┌────────

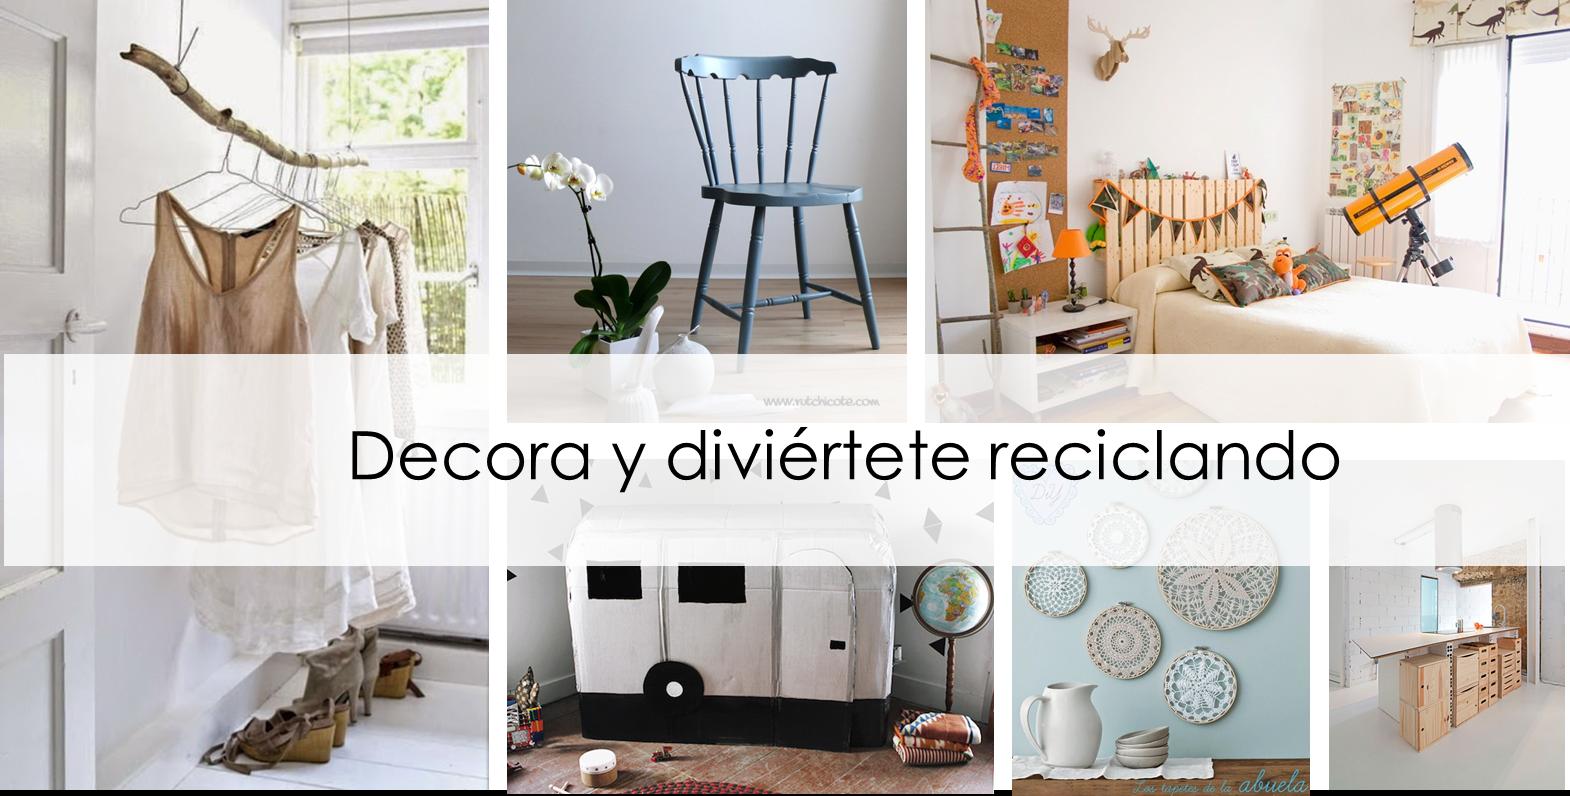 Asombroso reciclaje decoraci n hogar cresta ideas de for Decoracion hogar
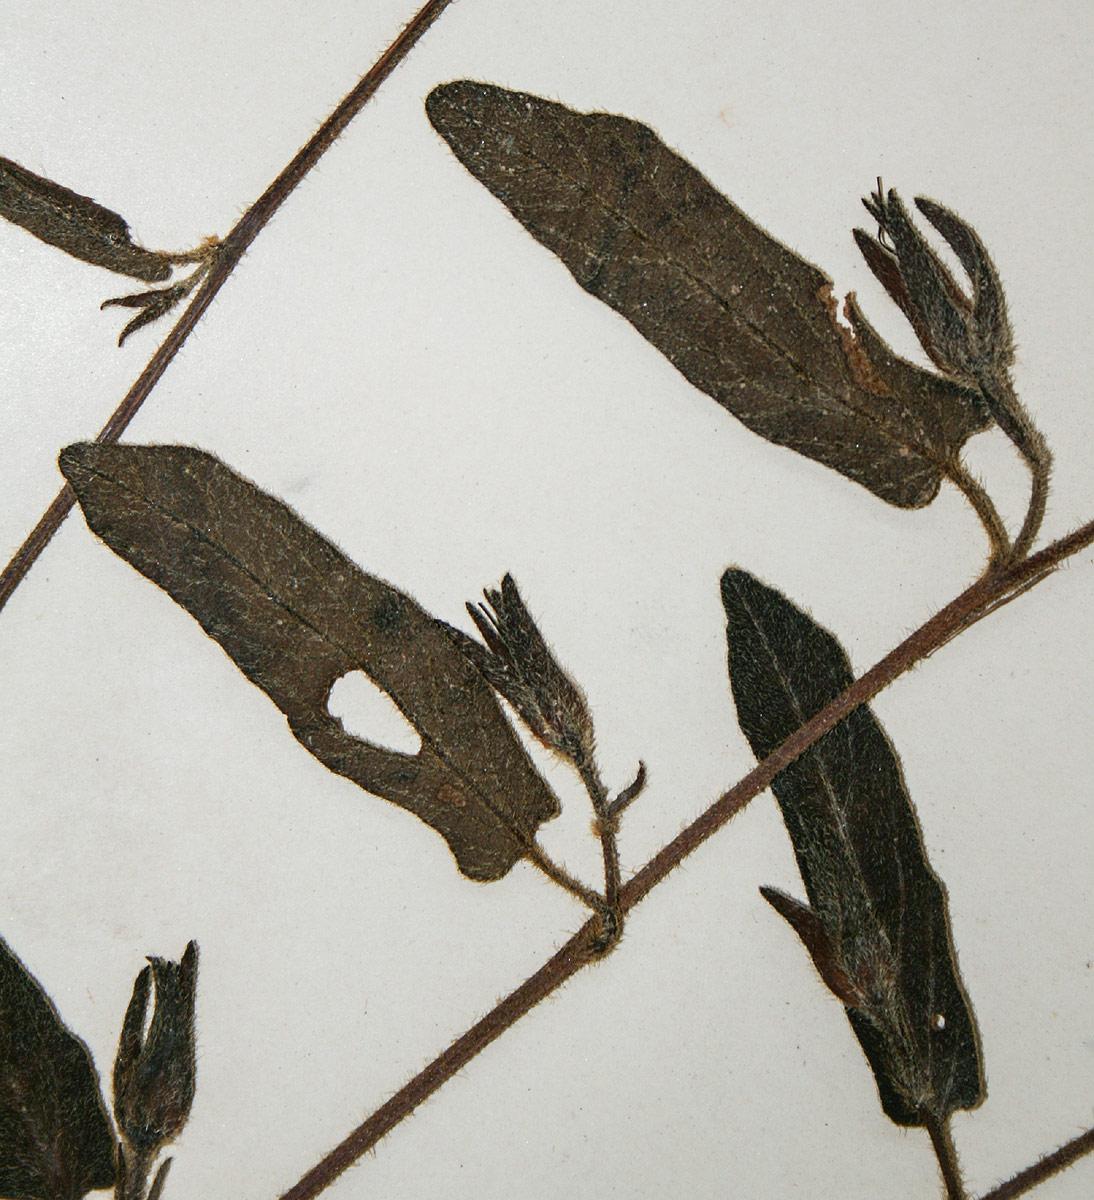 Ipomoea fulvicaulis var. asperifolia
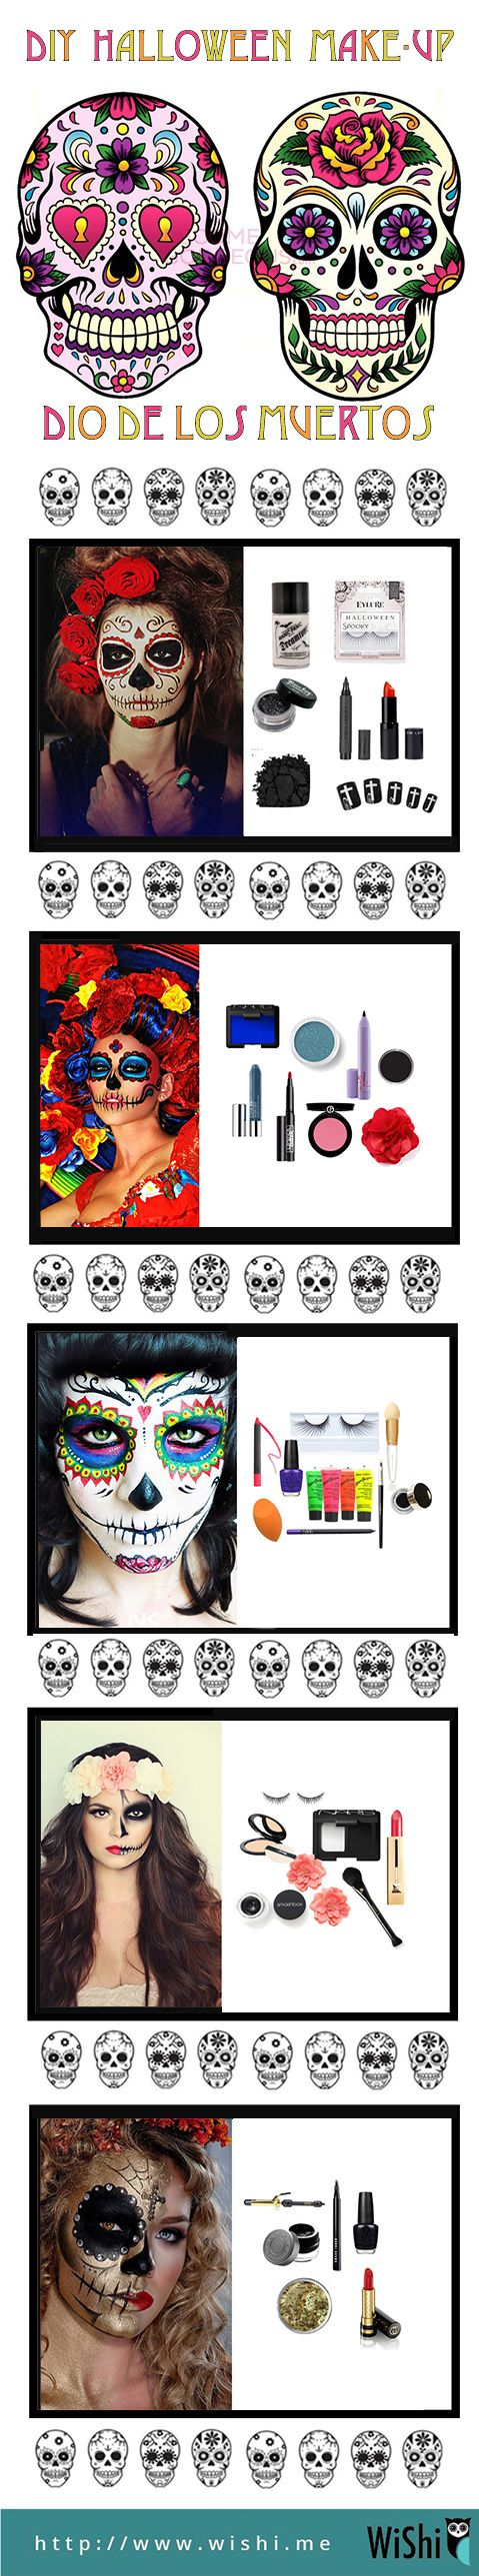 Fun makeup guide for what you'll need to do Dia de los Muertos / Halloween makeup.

└────────

» PROBLEM DETAILS: The expected output is an exact copy of the lines from the one holding "Ipomoea fulvicaulis var. asperifolia" through the last line of the listing above, with the pictures omitted.

» EXERCISE RESPONSE:
 Ipomoea fulvicaulis var. asperifolia
 Fun makeup guide for what you'll need to do Dia de los Muertos / Halloween makeup.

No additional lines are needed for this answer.